Horses serve as working animals, exhibit animals, or companions during herding activities, and thus are often in close contact with many individuals. Therefore, humans face a higher risk of contracting diseases from horses than other large animals [16]. Although many studies have shown that zoonotic infectious diseases may disturb the gut microbiota of horses [17,18,19], no study has evaluated gut microbiota changes in horses with Chlamydia. Therefore, this study aimed to characterize gut microbiota changes and serum parameters in horses with Chlamydia and healthy horses. The results of this study could provide a good foundation for comprehending the pathogenesis of Chlamydia-induced intestinal infections in horses, thus safeguarding public health.


Serum biochemical indicators of horse of IG and HG

ALB, TP, AST, TG, MDA, SOD, and CAT levels were not significantly different between the IG and HG groups (P > 0.05; Table 1). However, GLB, ALT, TC, and CK levels were significantly increased in IG than in HG (Table 1).

Table 1 Physiological indicators in IG (n = 10) and HG (n = 6)

Bacterial community diversity, richness, and OTUs

A total of 1970 OUT were shared between HG and IG (Fig. 1A). The OUT in the HG and IG were 1987 and 2044, respectively. The samples of HG and IG were distributed discretely and overlapped with each other (P < 0.001, R2 = 0.687), indicating that the samples were reproducible, and HG and IG had different intestinal microorganisms (See Fig. 1B).
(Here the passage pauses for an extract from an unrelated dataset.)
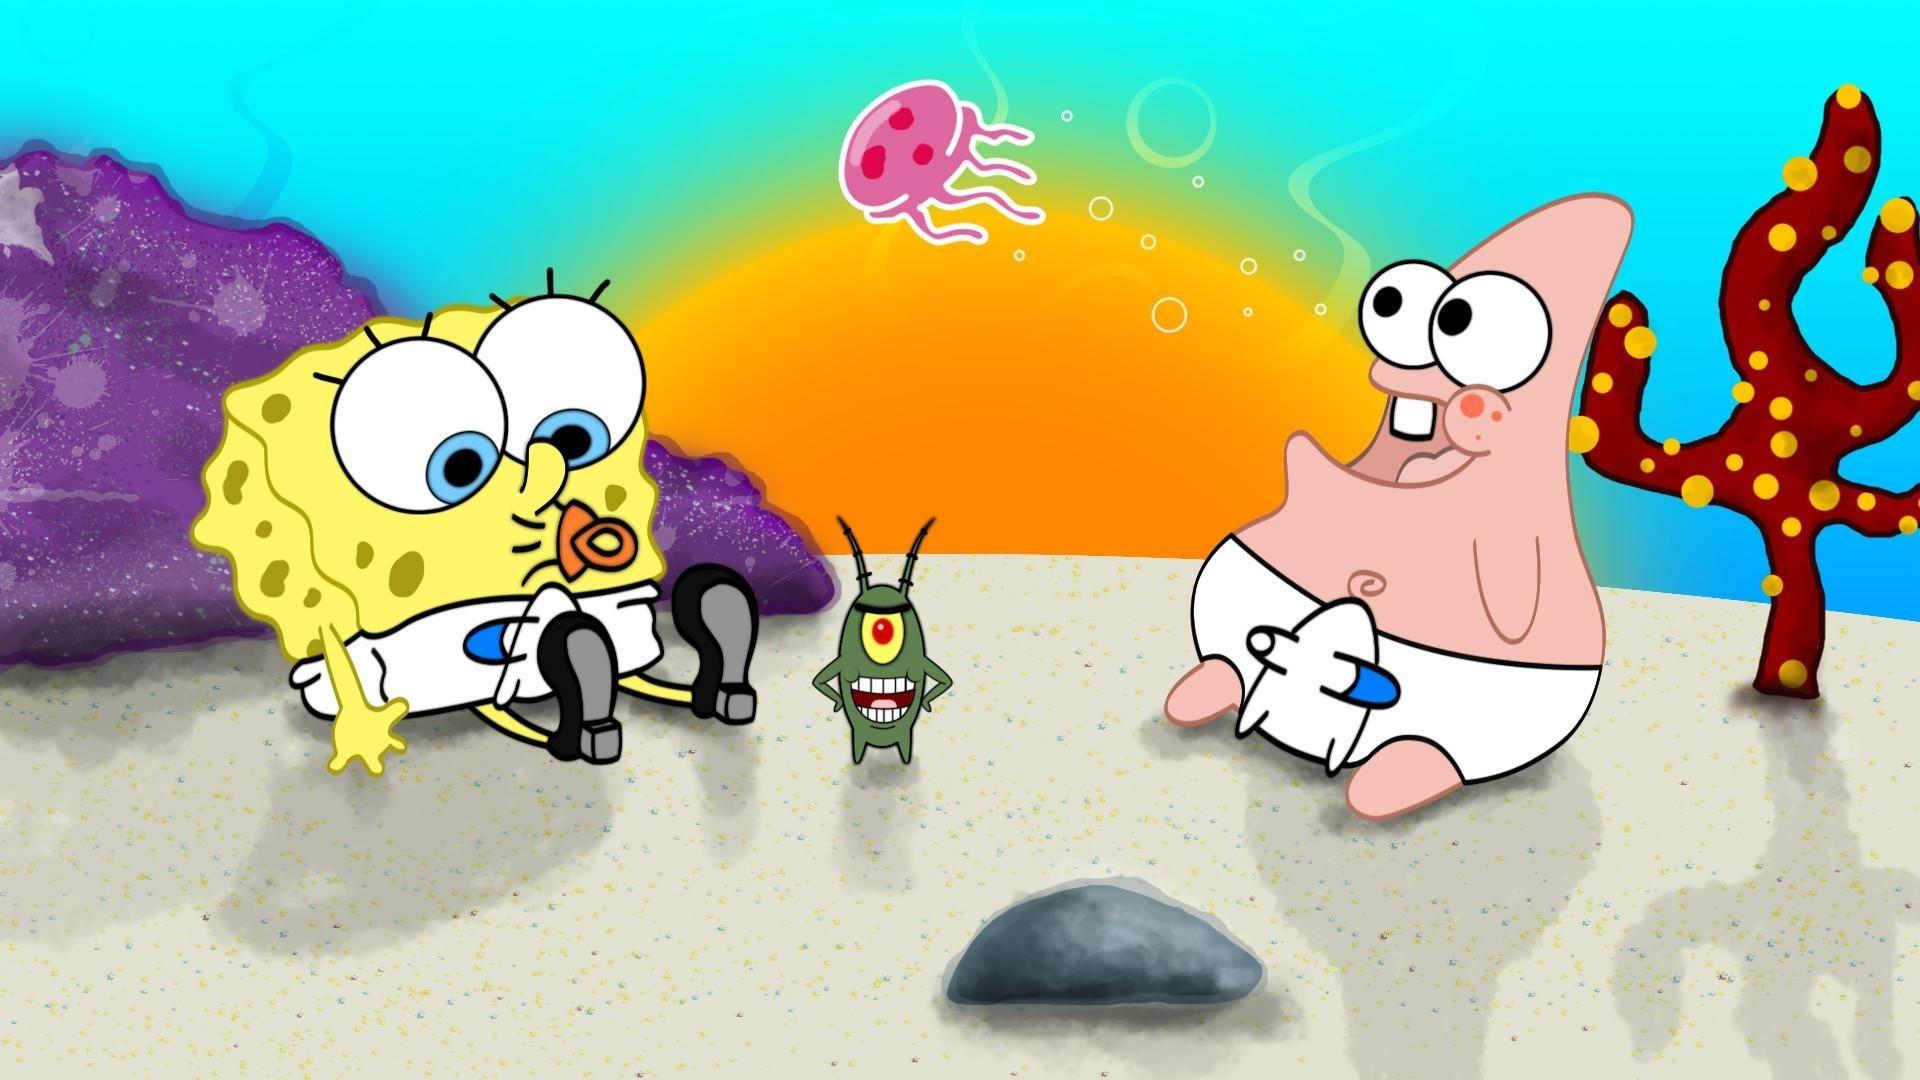 Aesthetic Spongebob Wallpaper and Background

The α diversity index analysis showed that the Shannon index and Shannon even index were significantly higher in the IG group than in the HG group (P < 0.001). In contrast, the Simpson index was significantly lower in the IG group than in the HG group (P < 0.001). Notably, the Chao, Ace, and Coverage indexes (P > 0.05) were not significantly different between the HG and IG groups (Fig. 1C).

Fig. 1
figure 1

Gut microbial diversity in IG. A Venn diagram showing the different and similar OTUs in the IG (n = 10) and HG (n = 6) groups. B PcoA showing the OTUs distribution in HG and IG. C Shannon index analysis (the gut microbial diversity was significantly increased in IG than in HG) and Simpson index analysis (the gut microbial diversity was significantly decreased in IG than in HG) (* P < 0.05, ** P < 0.01, *** P < 0.001)
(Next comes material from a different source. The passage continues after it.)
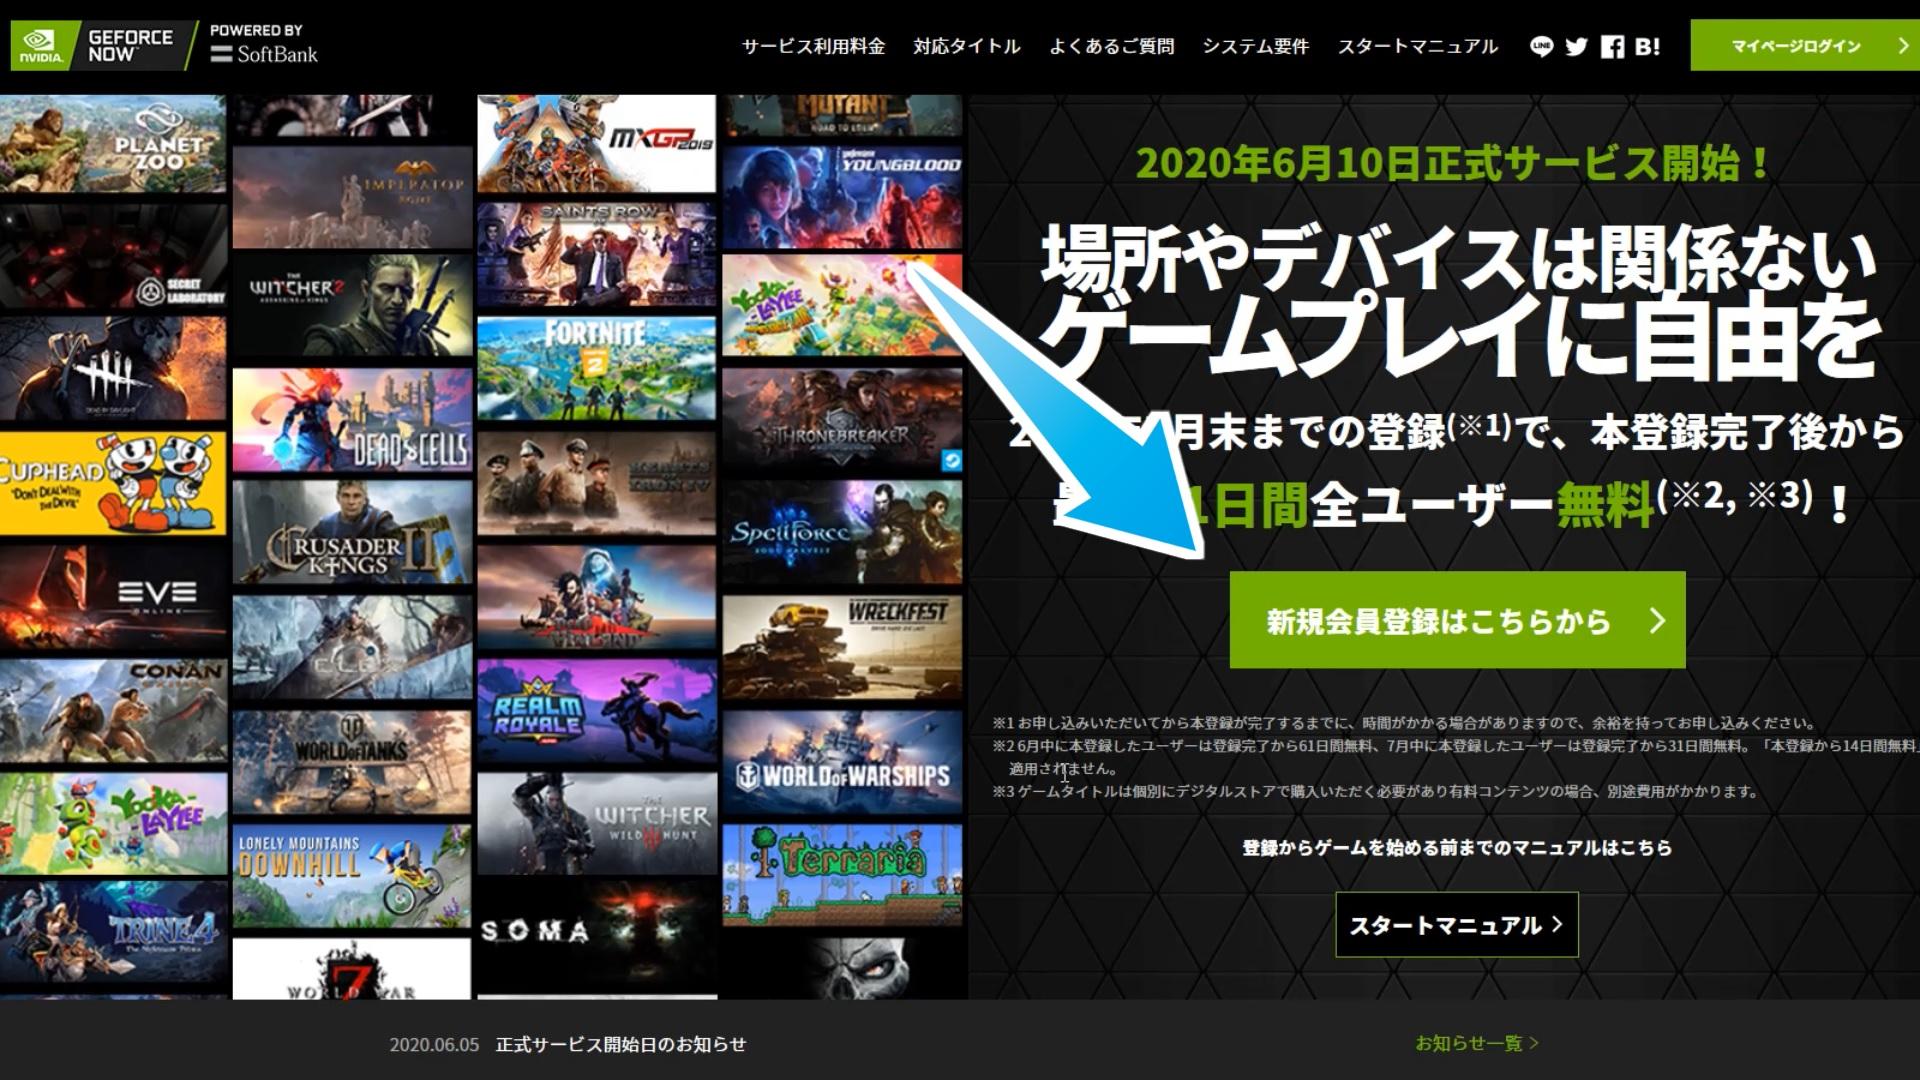 GeForce NowのHPから「新規会員登録はこちらから」をクリック。

Composition of the gut microbiota

The taxa composition and variation of the gut microbiota in HG and IG were analyzed based on the derivation cohort (average relative abundance ≥ 1%). The average composition and relative abundance in gut microbiota at the phylum and genus levels are shown in Fig. 2. Firmicutes, Bacteroidetes, and Proteobacteria were the most predominant phylum in the gut. Compared with HG, the abundance of Firmicutes (44.59% vs. 34.01%, P < 0.01), Bacteroidetes (35.10% vs. 25.22%, P < 0.001), and Spirochaetes (3.71% vs. 2.03%, P < 0.01) was significantly increased in IG, while Proteobacteria abundance (7.66% vs. 29.23%, P < 0.001) decreased (Fig. 2A and B). Furthermore, the abundance of 5 bacteria, such as Clostridia, Bacteroidia, Spirochaetia, and Negativicutes increased in IG, while the abundance of 3 bacteria, including Gammaproteobacteria and Verrucomicrobiae decreased (P < 0.05) (Table S1). The gut microbiota community was also analyzed at the order, family, and genus levels (Fig. 2C, Table S2, and S3). The abundance of 11 bacteria, including Treponema (3.47%), Phascolarctobacterium (2.75%), Prevotella (1.47%), Streptococcus (1.42%), Paraprevotella (0.66%), Pseudobutyrivibrio (0.34%), Bacteroidetes (17.06%), Ruminococcaceae (10.87%), Bacteroidales (9.96%), Clostridiales (4.41%), Porphyromonadaceae (4.33%) increased in IG at the genus level, while the abundance of two bacteria, including Psychrobacter (1.44%) and Akkermansia (0.11%) decreased (P < 0.05) (Fig. 2C and D).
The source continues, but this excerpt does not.